SPI layer (paimon-common): GlobalIndexerFactory.create(List, Options) default method (falls back to single-column for existing implementations). New GlobalIndexMultiColumnWriter interface
accepts InternalRow with all indexed columns projected in field order.
Core index metadata (paimon-core): GlobalIndexBuilderUtils.toIndexFileMetas populates GlobalIndexMeta.extraFieldIds from the field list beyond the first. GlobalIndexScanner.createReaders resolves the full
field list from metadata and passes it to the factory. Extra field IDs are registered in the indexMetas map so queries against any column in the group find the same reader.
Query path (paimon-core): VectorScanImpl and FullTextScanImpl check extraFieldIds when matching index files to query columns, so a vector query on embedding finds an index whose primary field is title but
includes embedding as an extra field.
Flink build (paimon-flink): GenericIndexTopoBuilder accepts List indexColumns, projects all columns + _ROW_ID, and dispatches to GlobalIndexMultiColumnWriter.write(InternalRow) when multi-column.
findMinNonIndexableRowId checks containsAll(indexColumns) for schema evolution safety.
Spark build (paimon-spark): DefaultGlobalIndexBuilder and DefaultGlobalIndexTopoBuilder gain List overloads, with single-column constructors delegating to the multi-column path.

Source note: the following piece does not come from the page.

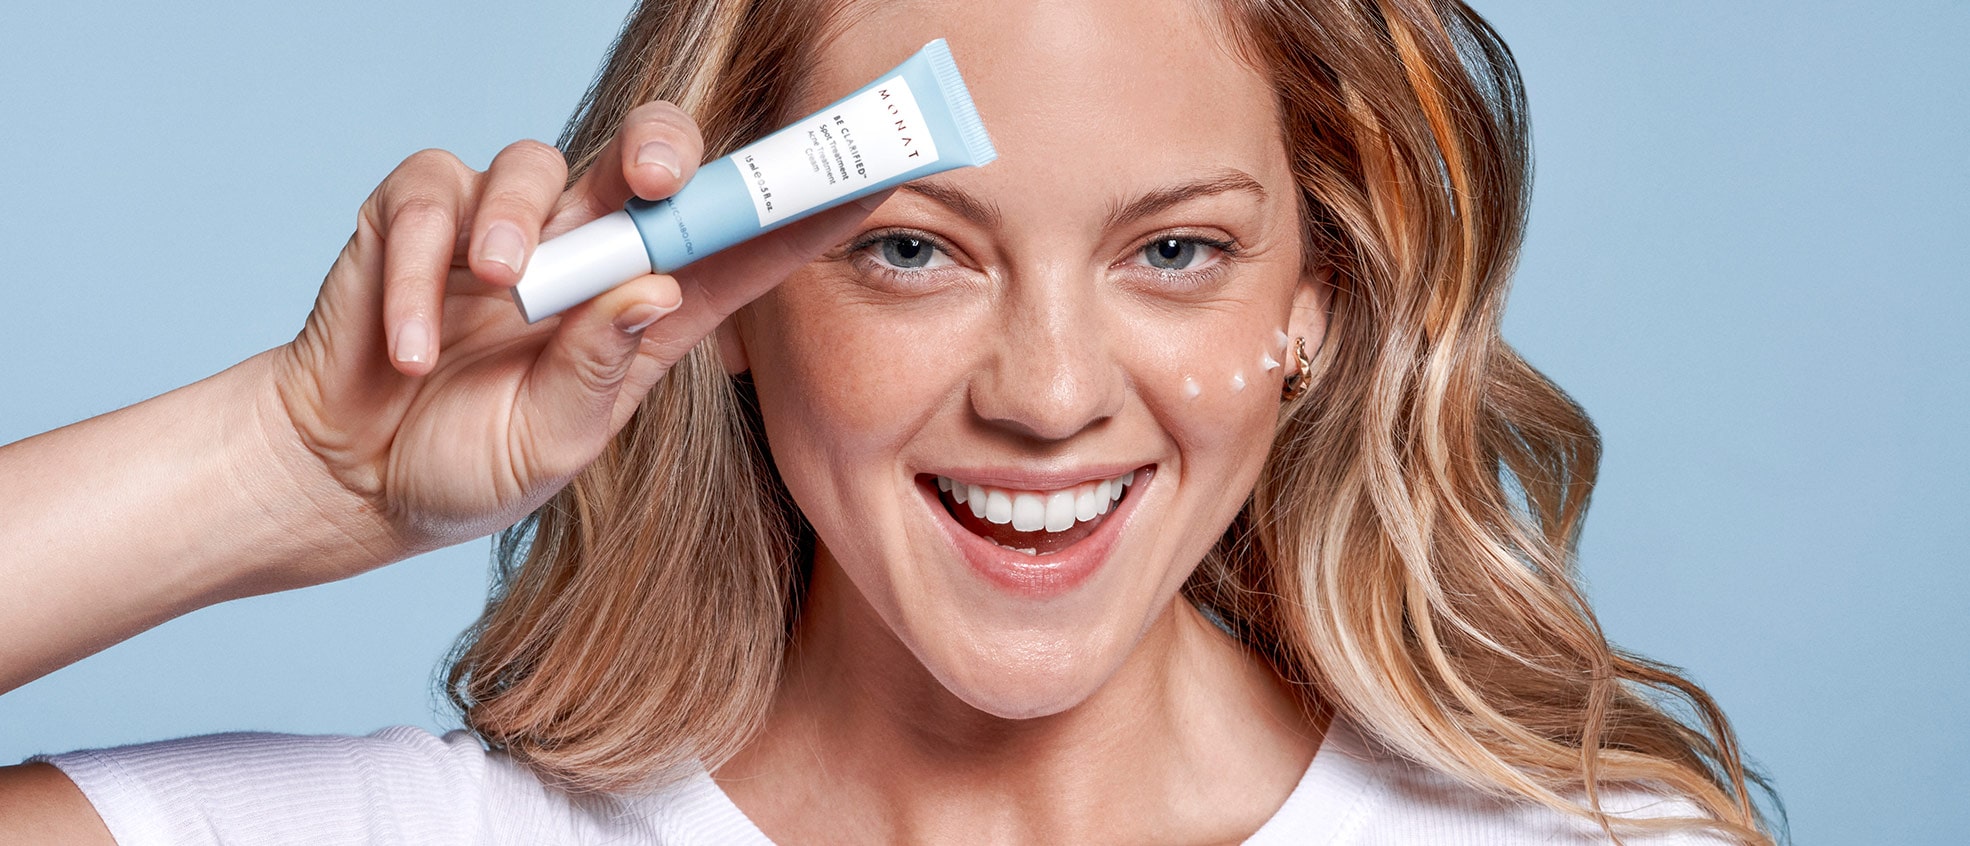 A blonde female smiling and holding BE CLARIFIED™ Spot Treatment infront of her face, while having a few drops of the treatment on her cheek.

All existing single-column callers are unchanged — new APIs have default implementations that delegate to the original single-column methods.

Tests

GenericIndexTopoBuilderTest: Updated findMinNonIndexableRowId call to use List signature.
paimon-lucene module (on feature-globalindex-support-multi-test branch): A full Lucene 9.12.0 implementation exercising the multi-column framework end-to-end:
- LuceneGlobalIndexTest — single-column vector write/search, top-K score ordering (2 tests)
- LuceneFullTextIndexTest — single-column full-text write/search, score verification, no-results case (3 tests)
- LuceneMultiColumnIndexTest — multi-column (text + vector) via GlobalIndexerFactory.create(List, Options) → GlobalIndexMultiColumnWriter.write(InternalRow), verifies both full-text and vector
  queries on same index file; also tests SPI discovery path via GlobalIndexer.create("lucene", ...) (2 tests)
- LuceneGlobalIndexScanTest — end-to-end Paimon table tests: creates FileStoreTable, writes data, builds Lucene index, commits via DataIncrement.indexIncrement, queries via
  VectorSearchBuilder/FullTextSearchBuilder → ReadBuilder.newScan().withGlobalIndexResult(), reads back rows and asserts correctness (3 tests)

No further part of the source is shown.